Jul 25 16:13:50 cs04r-sc-mds02-03 kernel: LustreError: 6854:0:(mds_open.c:1323:mds_open()) ASSERTION(!mds_inode_is_orphan(dchild->d_inode)) failed: dchild 1d2764:0e4d3640 (ffff810429fc2b70) inode ffff81042aabfc30/1910628/239941184
Jul 25 16:13:50 cs04r-sc-mds02-03 kernel: LustreError: 6854:0:(mds_open.c:1323:mds_open()) LBUG
Jul 25 16:13:50 cs04r-sc-mds02-03 kernel: Pid: 6854, comm: ll_mdt_03
Jul 25 16:13:50 cs04r-sc-mds02-03 kernel:
Jul 25 16:13:50 cs04r-sc-mds02-03 kernel: Call Trace:
Jul 25 16:13:50 cs04r-sc-mds02-03 kernel: [<ffffffff887aa6a1>] libcfs_debug_dumpstack+0x51/0x60 [libcfs]
Jul 25 16:13:50 cs04r-sc-mds02-03 kernel: [<ffffffff887aabda>] lbug_with_loc+0x7a/0xd0 [libcfs]
Jul 25 16:13:50 cs04r-sc-mds02-03 kernel: [<ffffffff88c1d33d>] mds_open+0x26ad/0x38eb [mds]
Jul 25 16:13:50 cs04r-sc-mds02-03 kernel: [<ffffffff889a3461>] ksocknal_launch_packet+0x2b1/0x3a0 [ksocklnd]
Jul 25 16:13:50 cs04r-sc-mds02-03 kernel: [<ffffffff889a4f65>] ksocknal_alloc_tx+0x1f5/0x2a0 [ksocklnd]

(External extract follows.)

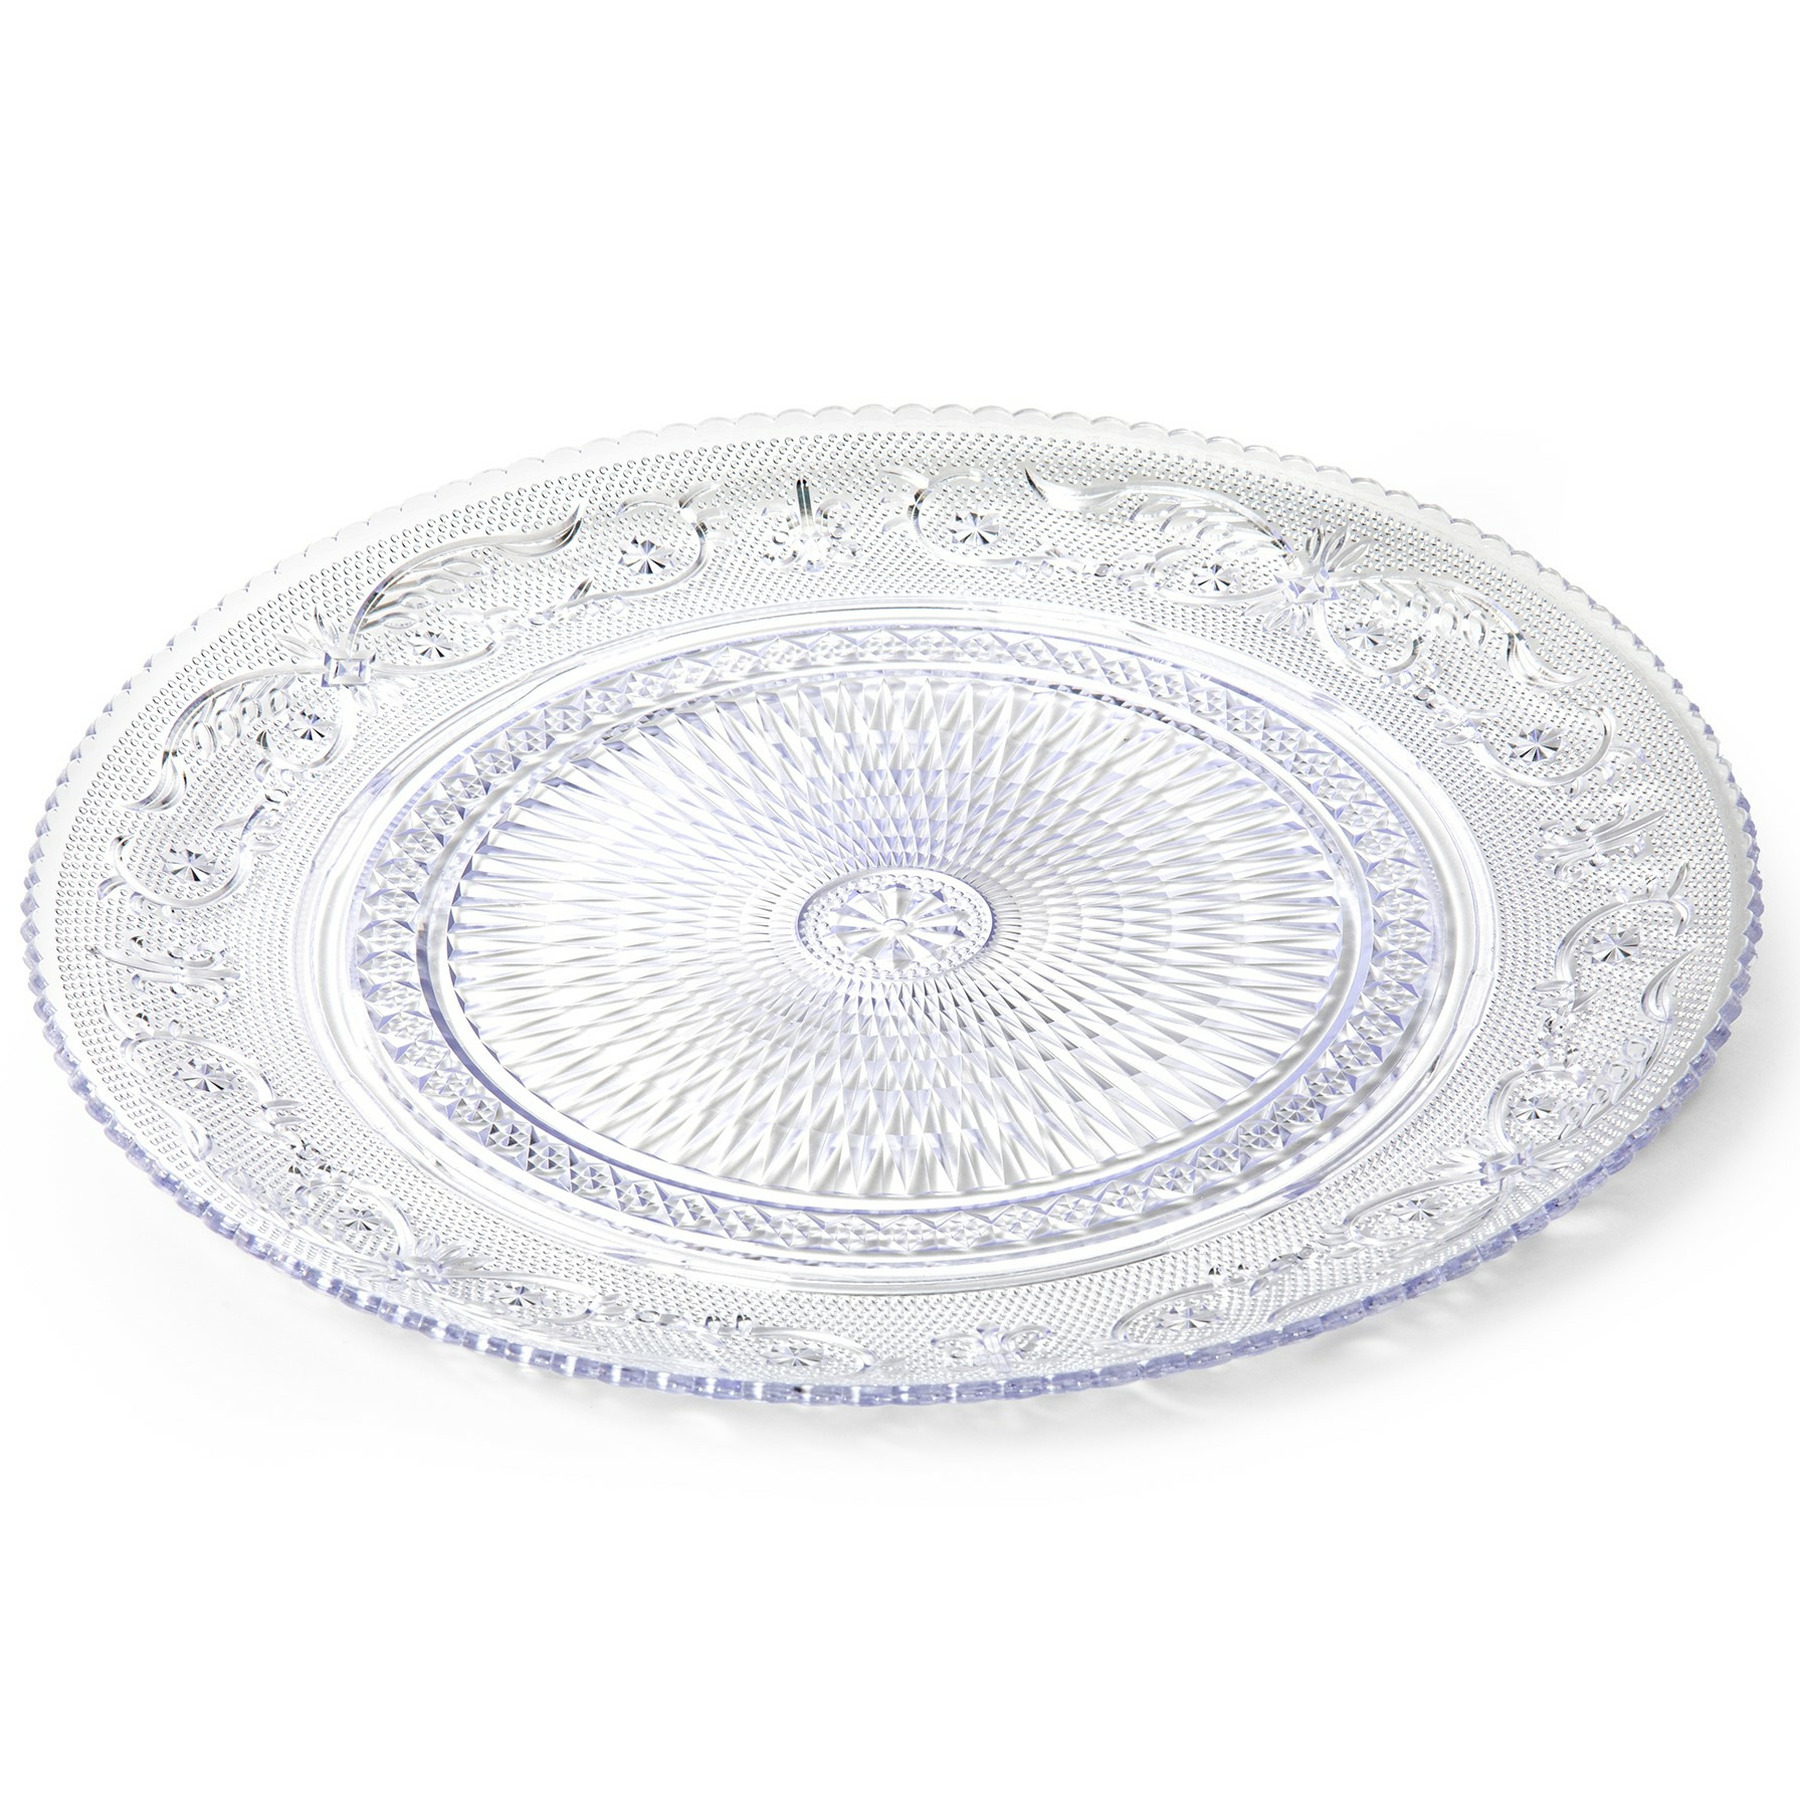 Onbreekbare Ontbijt-gebakbordjes kunststof kristal stijl transparant Dia 18 cm
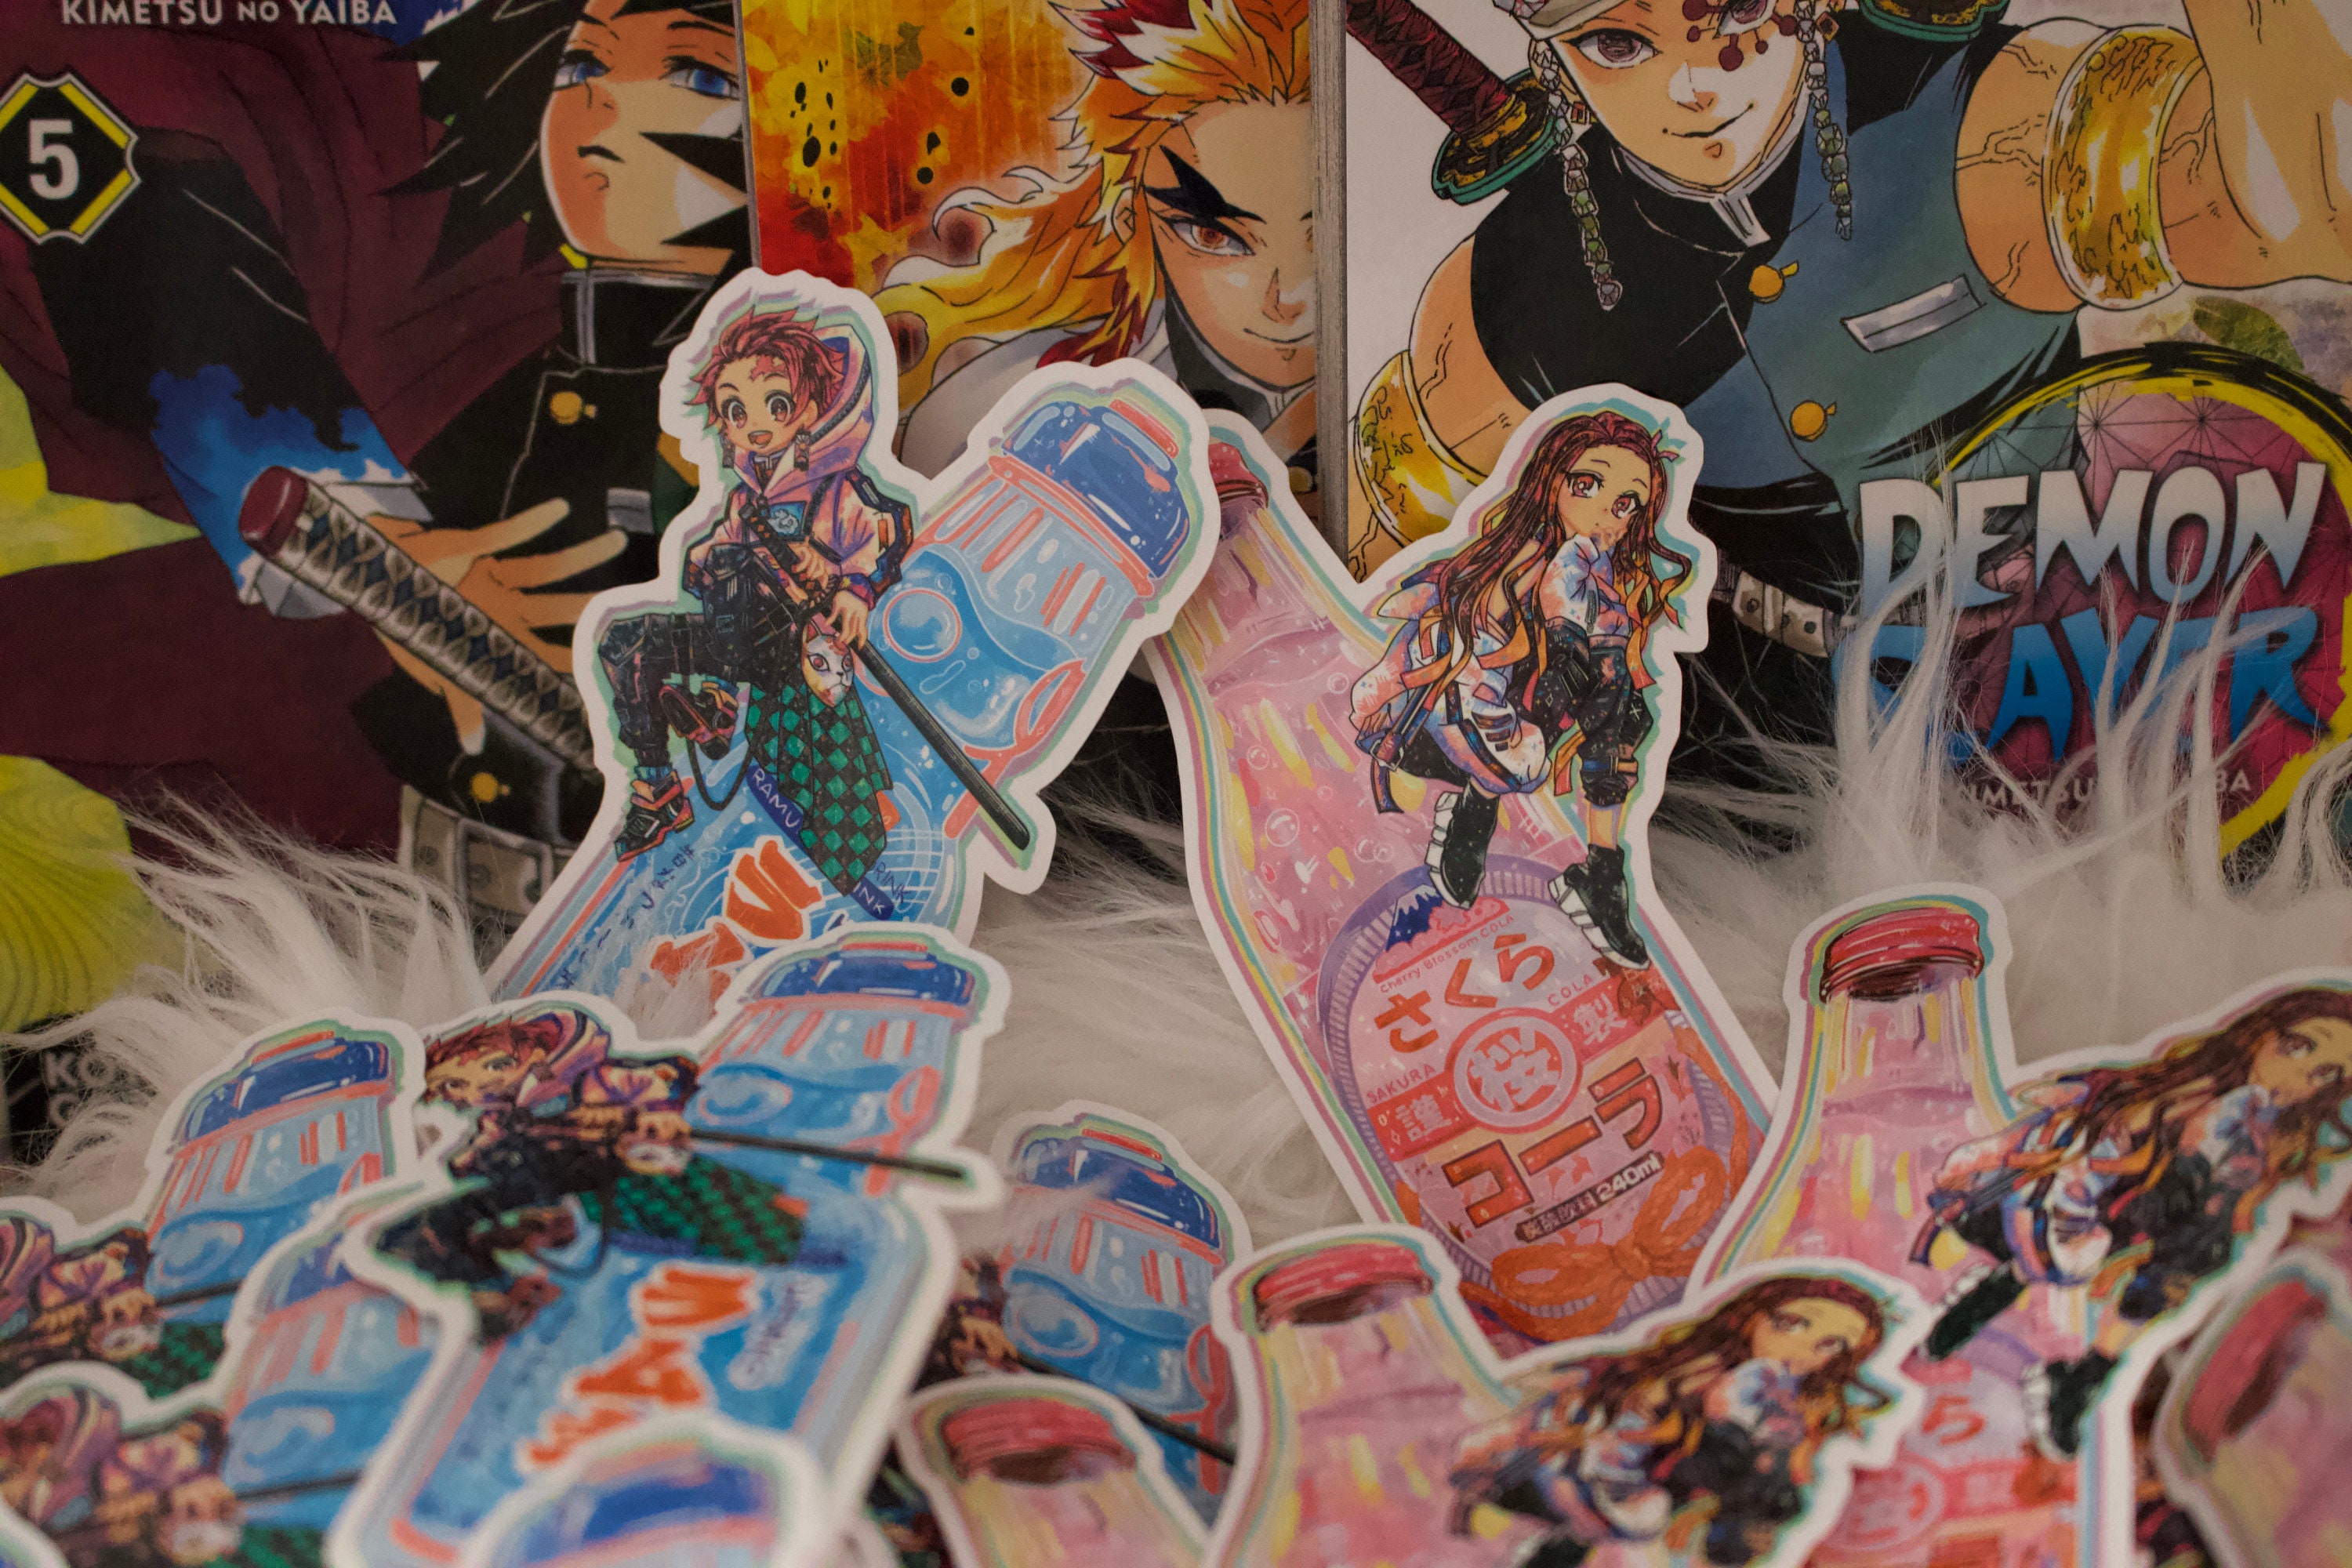 Pin de Chewy en Kimetsu no yaiba  Ilustración manga, Personajes de anime,  Dibujos de anime

Jul 25 16:13:50 cs04r-sc-mds02-03 kernel: [<ffffffff88917491>] lustre_swab_buf+0x81/0x170 [ptlrpc]
Jul 25 16:13:50 cs04r-sc-mds02-03 kernel: [<ffffffff8000d567>] dput+0x2c/0x113
Jul 25 16:13:50 cs04r-sc-mds02-03 kernel: [<ffffffff88bf40b5>] mds_reint_rec+0x365/0x550 [mds]
Jul 25 16:13:50 cs04r-sc-mds02-03 kernel: [<ffffffff88c1eb3e>] mds_update_unpack+0x1fe/0x280 [mds]
Jul 25 16:13:50 cs04r-sc-mds02-03 kernel: [<ffffffff88be6eca>] mds_reint+0x35a/0x420 [mds]
Jul 25 16:13:50 cs04r-sc-mds02-03 kernel: [<ffffffff88be5dda>] fixup_handle_for_resent_req+0x5a/0x2c0 [mds]
Jul 25 16:13:50 cs04r-sc-mds02-03 kernel: [<ffffffff88bf0bfc>] mds_intent_policy+0x4ac/0xc20 [mds]
Jul 25 16:13:50 cs04r-sc-mds02-03 kernel: [<ffffffff888d8270>] ldlm_resource_putref_internal+0x230/0x460 [ptlrpc]
Jul 25 16:13:50 cs04r-sc-mds02-03 kernel: [<ffffffff888d5eb6>] ldlm_lock_enqueue+0x186/0xb20 [ptlrpc]
Jul 25 16:13:50 cs04r-sc-mds02-03 kernel: [<ffffffff888d27fd>] ldlm_lock_create+0x9bd/0x9f0 [ptlrpc]
Jul 25 16:13:50 cs04r-sc-mds02-03 kernel: [<ffffffff888fa870>] ldlm_server_blocking_ast+0x0/0x83d [ptlrpc]
Jul 25 16:13:50 cs04r-sc-mds02-03 kernel: [<ffffffff888f7b29>] ldlm_handle_enqueue+0xbf9/0x1210 [ptlrpc]
Jul 25 16:13:50 cs04r-sc-mds02-03 kernel: [<ffffffff88befb20>] mds_handle+0x40e0/0x4d10 [mds]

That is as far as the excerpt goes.